Gaining notoriety as the hidden killers, whilst most standard Oil Condition Monitoring (OCM) tests like Total Acid Number or Viscosity can help screen for problems such as ineffective corrosion-protection, helping to pre-empt hydraulic system failures, they cannot detect the build-up of sludge and varnish. The reason being that soft contaminants don’t typically impact the bulk chemistry of the hydraulic fluid making them difficult to measure.
Equipment failures can then result from reduction of the spool-to-bore clearances in valves leading to valve malfunction, the clogging of a suction strainer that will lead to pump failure or damage to seals and o-rings leading to oil leaks and cylinder problems.
The resulting unplanned repair downtime and oil change can have a financial impact on the manufacturer. Additionally, short oil drain intervals are costly not only in terms of the oil cost but also oil waste cost.
Poor-quality hydraulic fluids are more susceptible to this problem as they readily oxidize in the presence of yellow metals, water and air contamination. In addition, they contain additives that are not thermally stable and so decompose at elevated temperatures.
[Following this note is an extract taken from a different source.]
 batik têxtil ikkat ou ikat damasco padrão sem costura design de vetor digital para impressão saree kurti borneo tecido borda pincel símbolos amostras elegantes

The best way to avoid this is to use a high-quality hydraulic fluid which has high oxidation resistance and excellent thermal stability helping to mitigate risk of sludge and varnish build up, lowering the operator’s total cost of ownership2.
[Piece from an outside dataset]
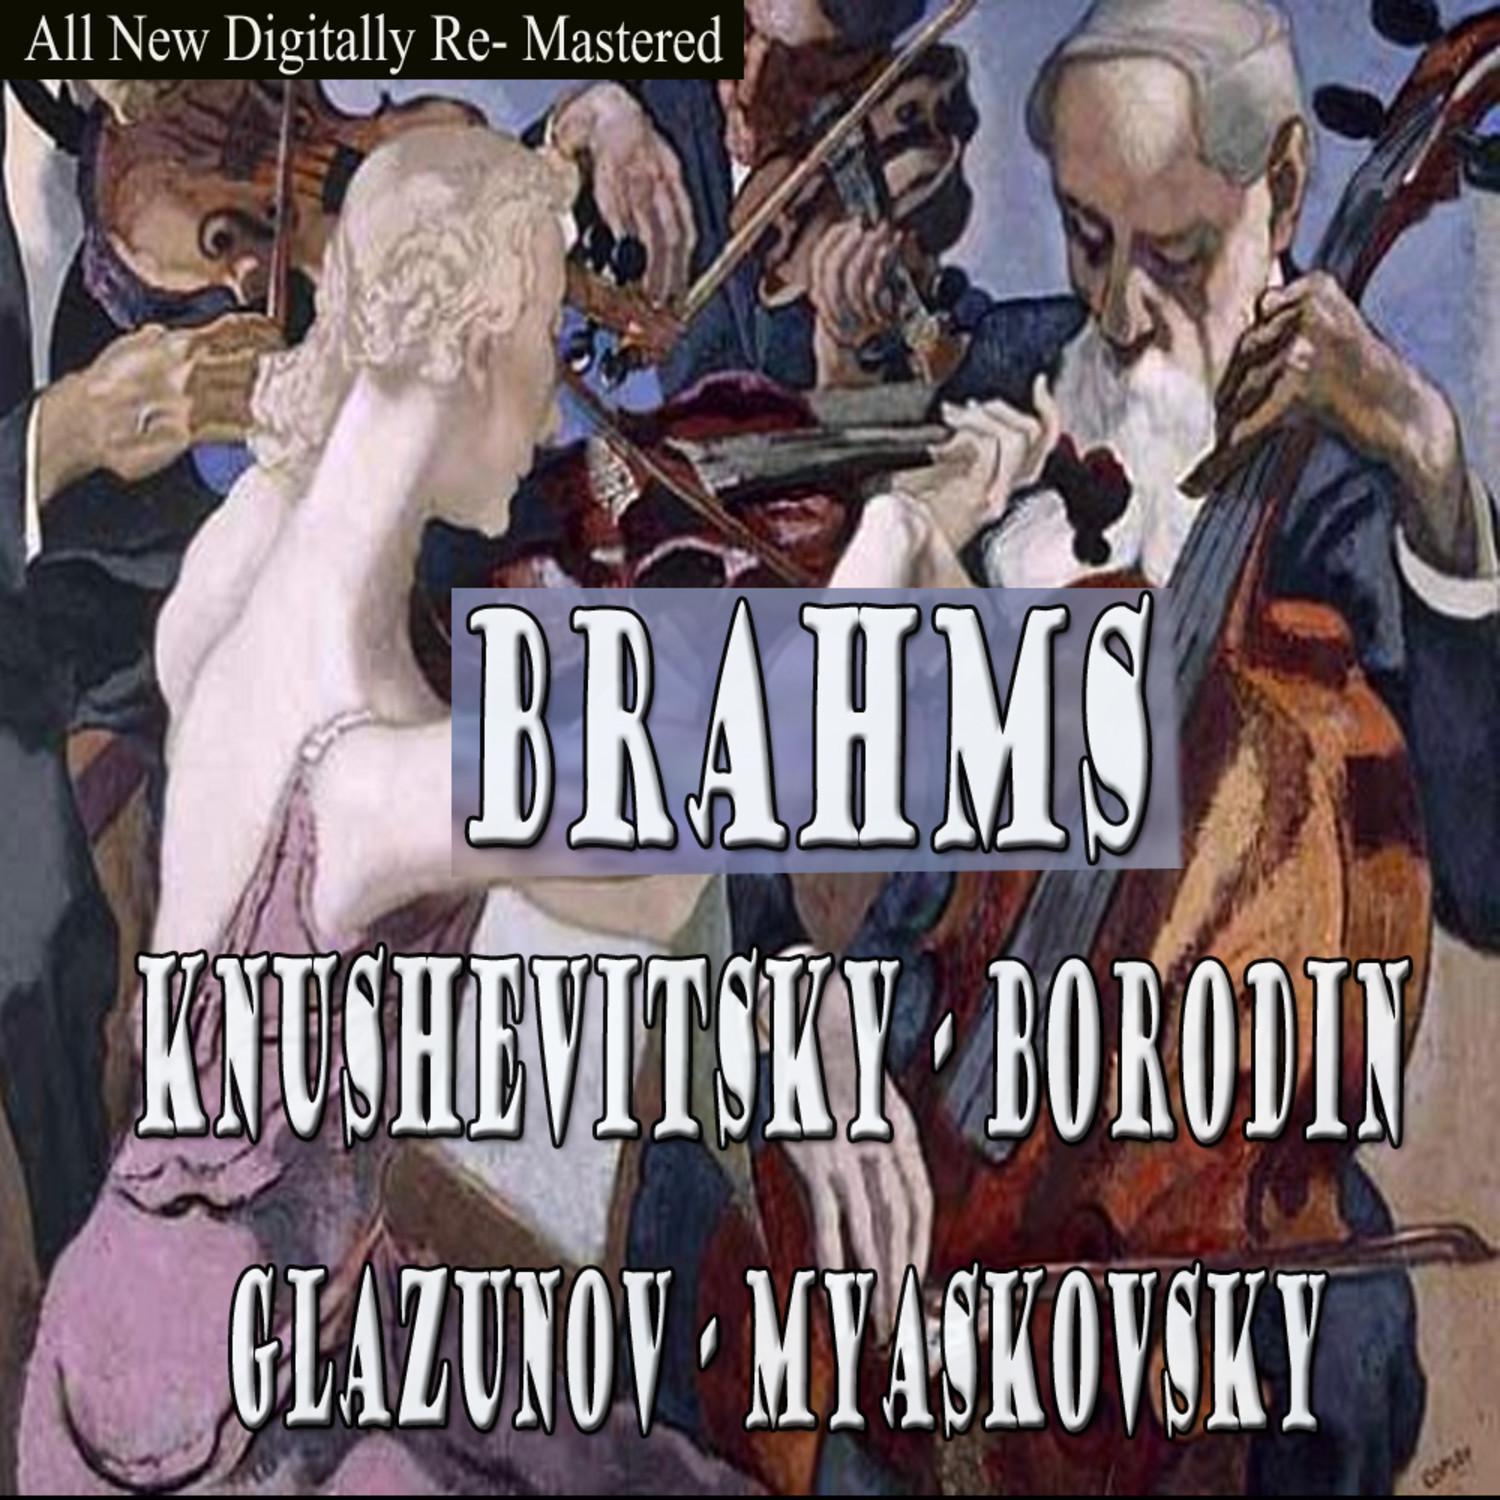 Brahms, Borodin, Glazunov, Myaskovsky - Knushevitsky

Shell Lubricants’ Tellus range of hydraulic fluids has been specifically formulated to meet the demands of hydraulic systems by resisting thermal and chemical breakdown, which adversely affect a fluid’s lubricating performance. Shell Tellus can provide better reliability and system cleanliness compared to competitor products having achieved excellent results in the industry standard thermal stability test of hydraulic oils - ASTM D20703. This test method evaluates the thermal stability of a hydraulic oil in the presence of copper and steel at 135 °C.
Many of Shell’s customers that operate plastics injection molding machines have reaped the benefits of switching to the Shell Tellus range. For example, an electrical appliance manufacturer based in Jiangsu Province, China, which owns 13 plastics injection molding machines, was experiencing problems caused by blocked filters. The Shell technical team investigated and discovered an excess formation of sludge, which meant that the oxidation stability and filterability performance of the machine’s hydraulic fluid was not effective. Switching to Shell Tellus S2 M 46, the company no longer experienced blocked filters and was also able to significantly extend the oil-drain interval from 8,000 to 24,000 hours. As a result, it reported total annual savings of USD$126,1404.
This underlines how effective hydraulic fluids, like those in the Shell Tellus range, can provide equipment reliability and system cleanliness that in turn protects against these ‘hidden killers’ mitigating breakdown risk and its associated costs.
1 Source: multiple surveys by industry bodies including additive companies, filter manufactures, hydraulic equipment manufacturers. One source includes Parker Hannifin GmbH Bulletin: HY30-3248/ UK: Hydraulic Fluids for Parker Axial Piston Pumps Series PV
2 Total Cost of Ownership (TCO) is defined by Shell Lubricants as the total amount spent on industrial equipment, including cost of acquisition and operation over its entire working life, including costs of lost production during equipment downtime
3 *Test method ASTM D2070 was carried out under third-party laboratory conditions. Shell Tellus S2 MX 46 was tested against 17 competitor oils. Each oil was heated to 135 degrees Celsius for a period of 168 hours together with catalyst rods of copper and steel. The precipitated deposits were weighed, with weight loss recorded, along with total sludge and acid number change. Shell Lubricants is able to provide a copy of the ASTM D 2070 report on request.
4 The savings indicated are specific to the calculation date and mentioned site. These calculations may vary from site to site and from time to time, depending on, for example, the application, the operating conditions, the current product being used, the condition of the equipment and the maintenance practices.